10 Comments Post a comment
  1. On the face of it, all good but we shall see in due course and he did say that there will be times when supporters will not like what is going to happen. ??

    January 8, 2020
    • John – I am sure that will happen but then it’s about communication.

      January 8, 2020
  2. Jorgen #

    All good, as you would expect at this point – the part I liked best was what he said about the manner in which we saw Joe Aribo leaving. Allowing young, talented players go for nothing or next to nothing, because your too tight to offer a decent contract, just makes no sense. Even by Roland’s standards, that’s crazy.

    January 8, 2020
    • Jorgen – we’ve always sold young players. I was gutted when we sold Derek Hales, but it would be nice to get some value from the academy players when it’s finally time for them to move on. And that’s not just ££ but also the team and the fans get the benefit and they make 100 appearances not just a handful before they are cashed in RD style.

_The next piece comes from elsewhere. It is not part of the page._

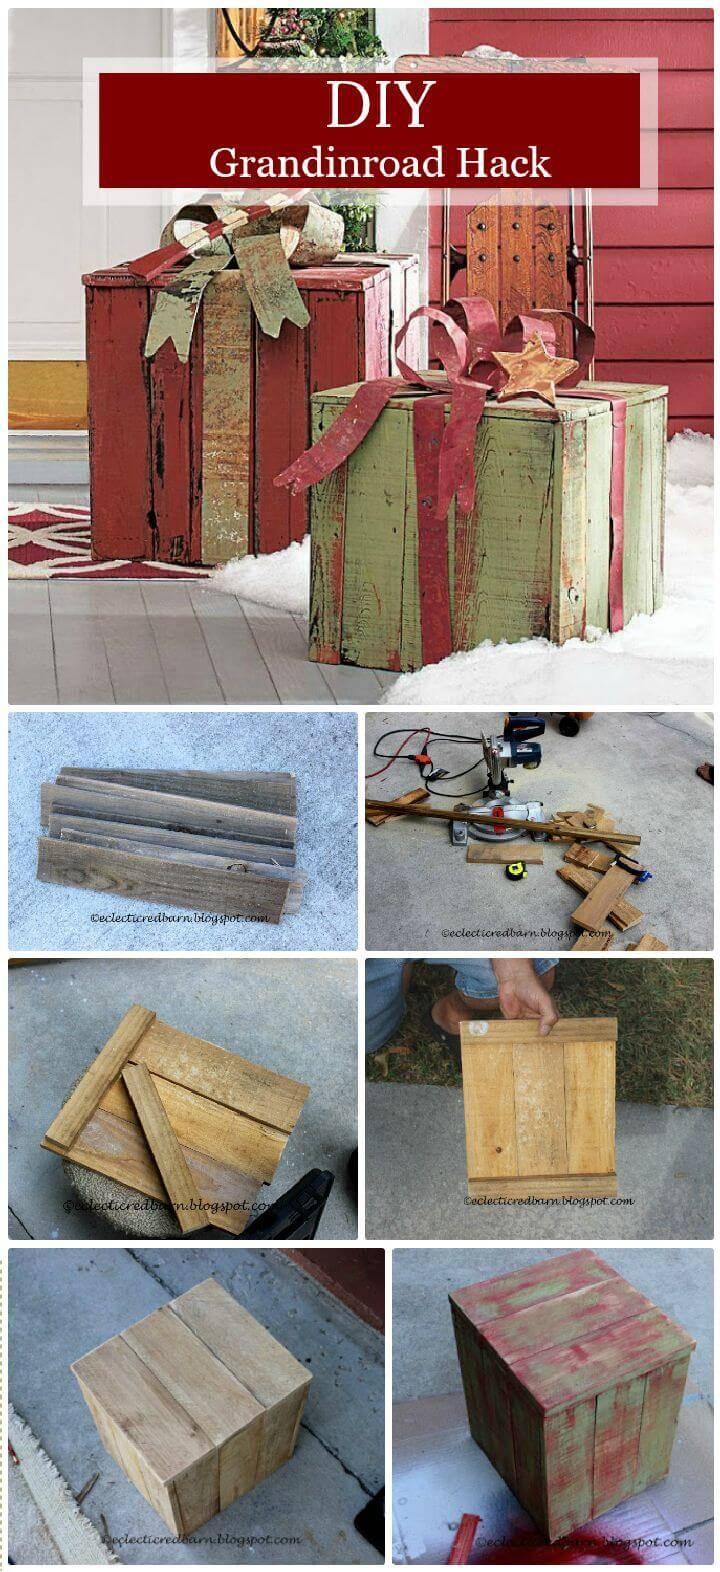 DIY Grandinroad Hack A Pallet Project

      Roland’s and Meire’s contract dealings and planning were shocking.

      January 8, 2020
  3. Gary Smith #

    What I read into the Lee comment about his contract was actually the other way to your suggestions that he was perhaps waiting to discuss a contract until after the window to see what the new owners will give him in the window. You wouldn’t want to sign a contract with a new owner only to find its a RD scenario MK2 He’s had to deal with RD in his tenure so you could see why he may be cautious in jumping in until he seen a bit of cash spent in the Window.

    January 8, 2020
  4. Shadow Play #

    My take on the contract situation with Lee and the management team was that there were/are other immediate priorities such as getting in players in (and maybe shifting one or two out?). This is a time consuming process after all as those players maybe wanted by other clubs and wages, fees etc have to be negotiated. Matt Southall also pointed out that things were “lean” after the Roland years – I can imagine there are a lot of jobs that need filling and that will take up a lot of his time, do we have a CFO for example?

    All in all a good PR exercise and a sensible by Matt S to do this, I liked his candour and he was careful not to make extravagant promises, we are likely to see evolution rather than revolution and I’m happy with that approach.

    We also have to appreciate that players will always move on – but we need to extract the best value from them first, look at the craziness that saw Ezri Konsa go to Brentford for £2.5m with no add-ons, they flipped him onto Aston Villa for a ca £10m profit after just one year, no wonder they tried to get Lyle Taylor from us, they saw Roland as a soft touch. A generation of players have been trained up and sold on mostly for under their market value. He’s quite right to put an end to that.

    January 8, 2020
  5. Agree 100%, but when the old bugger did remember a sell on clause he pocketed it anyway…. Lookman

    January 8, 2020
  6. Brian Cowan #

    In 2014 Richard Murray said: ” One of the key things that Roland’s financial stability will bring us is that if we’ve got a good player we will be able to hold on to him, and not be in a position that we have to sell our assets before they have realised their full potential playing for us or their full potential in the transfer market…”

    Poyet, Gomez, Pope, Konsa, Aribo…

    January 9, 2020
    • Richard Murray was already getting a little senile in 2014.